All of the relevant data sent to the server from the Web browser, such as
form input, plus the HTTP request headers are sent from the server to the
CGI script in either environment variables or by standard input (stdin),
which is the default location at which your program receives input. Because
this task is done for you, all you have to know is where to look for the
information you need.
Environment Variables
When a Web browser
requests a CGI script from a Web server, the server starts the CGI program
in what is termed a stateless environment. What this means is that the CGI
script is running in its own state or environment. It does not inherit
values from the environment that the Web server is running under. This is
important because many Web browsers can be requesting the same CGI script at
the same time, and the Web server can start many copies of the same script.
Each version of the script that is running concurrently must run
independently from all the other scripts, otherwise conflicts may arise.
Because the Web server sets up a new environment for your CGI script, it
places almost all of the information available to the script in environment
variables. Table 2.1 lists the CGI environment variables.

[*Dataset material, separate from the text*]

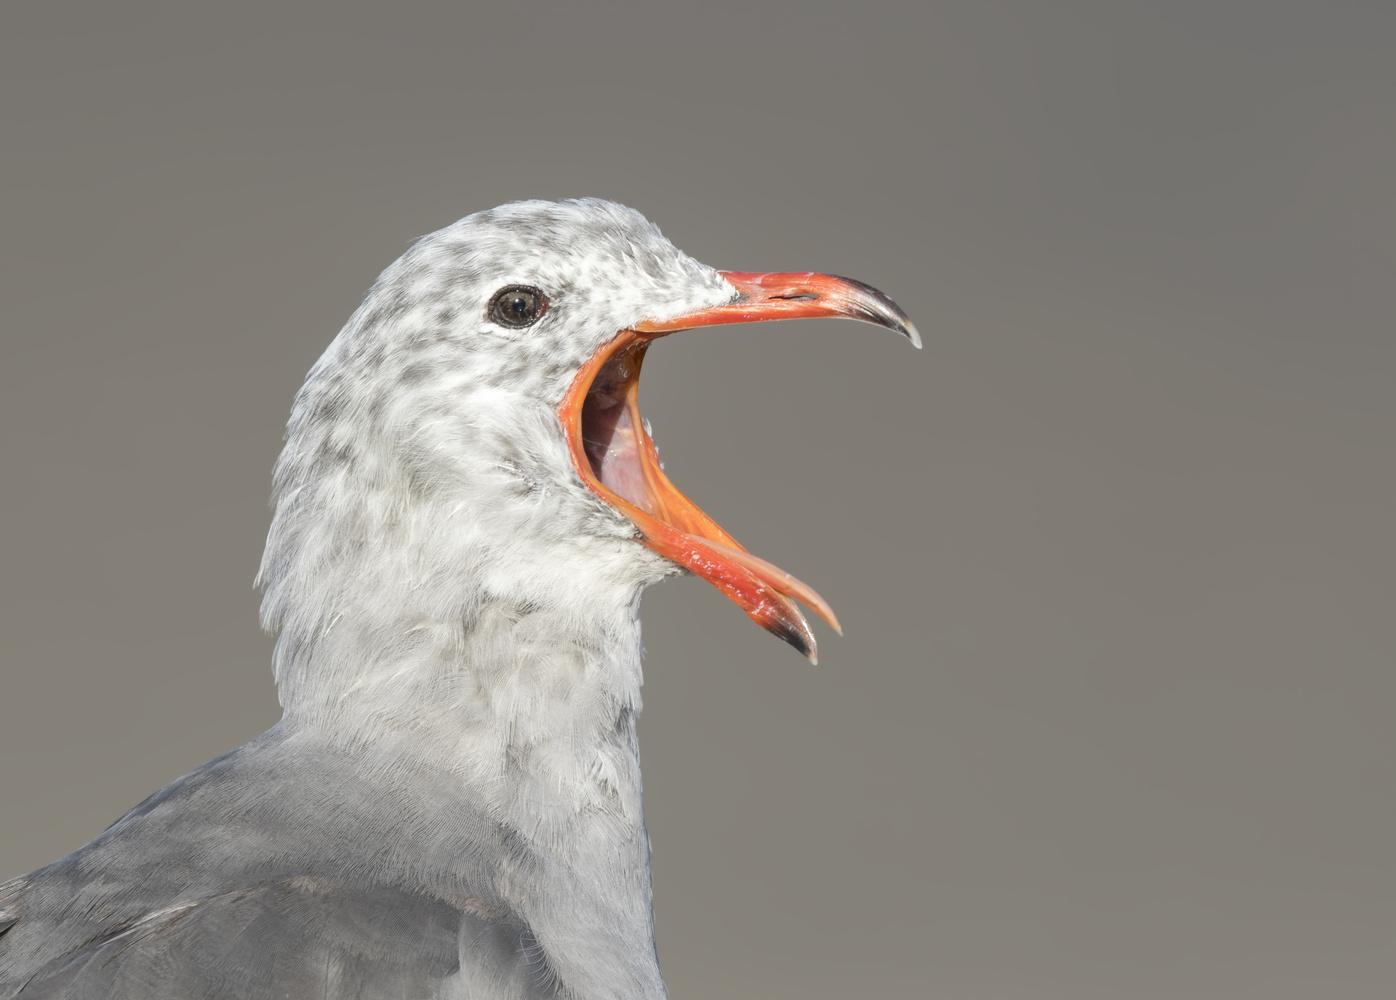 Heerman's Gull by Nickolas Thurston

Table 2.1: CGI Environment Variables
|
Variable |
Meaning |
|
AUTH_TYPE |
Contains the authentication method used to validate the Web browser, if
any is used. An example of an authentication method is a
username/password scheme. |
|
CONTENT_LENGTH |
The length of the user-provided content from the Web page requesting the
CGI script, which is sent via the user's Web browser. Because the
user-provided content is passed to the CGI script as a string, this
value is in bytes, with each byte representing one character. |
|
CONTENT_TYPE |
Contains the type of the data that accompanies the browser's request for
the CGI script. Examples are text/html or image/jpeg. |
|
GATEWAY_INTERFACE |
Holds the version of the Common Gateway Interface being used. For
version 1.1 of the CGI specification, this variable would be CGI/1.1. |
|
PATH_INFO |
Holds additional path information for the CGI script. This is usually
the virtual path to another document in the document root that the CGI
script will use. This value is set from the information appended to the
URL requesting the CGI script. See PATH_TRANSLATED for an example. |
|
PATH_TRANSLATED |
Holds additional path information for the CGI script. This is usually
the virtual path to another document in the document root that the CGI
script will use. This value is set from the information appended to the
URL requesting the CGI script. See PATH_TRANSLATED for an example. |
|
QUERY_STRING |
Contains the user-provided data when the request method is GET. This
data is appended along with a question mark to the referenced URL. For
example, in the URL http://www.robertm.com/cgi-bin/answer.pl?state=CA,
the QUERY_STRING would be "state=CA." |
|
REMOTE_ADDR |
Stores the IP address of the machine running the Web browser requesting
the CGI script. |
|
REMOTE_HOST |
Stores the domain name of the machine running the Web browser requesting
the CGI script. If this information is unavailable to the Web server,
REMOTE_ADDR will be set and REMOTE_HOST will not be set. |
|
REMOTE_IDENT |
Stores the user's login name only if the Web server supports
identification. |
|
REMOTE_USER |
Stores the username the Web browser specified for authentication. This
is only set if the server supports authentication and the CGI script is
protected. |
|
REQUEST_METHOD |
Contains the request method used to request the CGI script. This can
contain any of the valid HTTP request methods such as GET, HEAD, POST,
PUT, and so on. |
|
SCRIPT_NAME |
Stores the virtual path and name of the CGI script being executed. This
is used for self-referencing URLs. |
|
SERVER_NAME |
Contains the name, either domain name or IP address, of the machine
running the Web server. |
|
SERVER_PORT |
Contains the port number on which the Web browser sent the request to
the Web server. |
|
SERVER_PROTOCOL |
Contains the name and version of the protocol being used to make the
request for the CGI script. In most cases, this will be the HTTP
protocol and will look something like HTTP/1.0. |
|
SERVER_SOFTWARE |
Stores the name and version of the Web server software that executed the
CGI script. For example, for the Netscape Communications Server version
1.1, the variable would be set to Netscape-Communications/1.1. |
In addition to the
CGI environment variables, the Web server makes available all the HTTP
request headers received from the Web browser. These are also placed in
environment variables, all of which have the prefix HTTP_. Table 2.2 lists
the HTTP request header environment variables.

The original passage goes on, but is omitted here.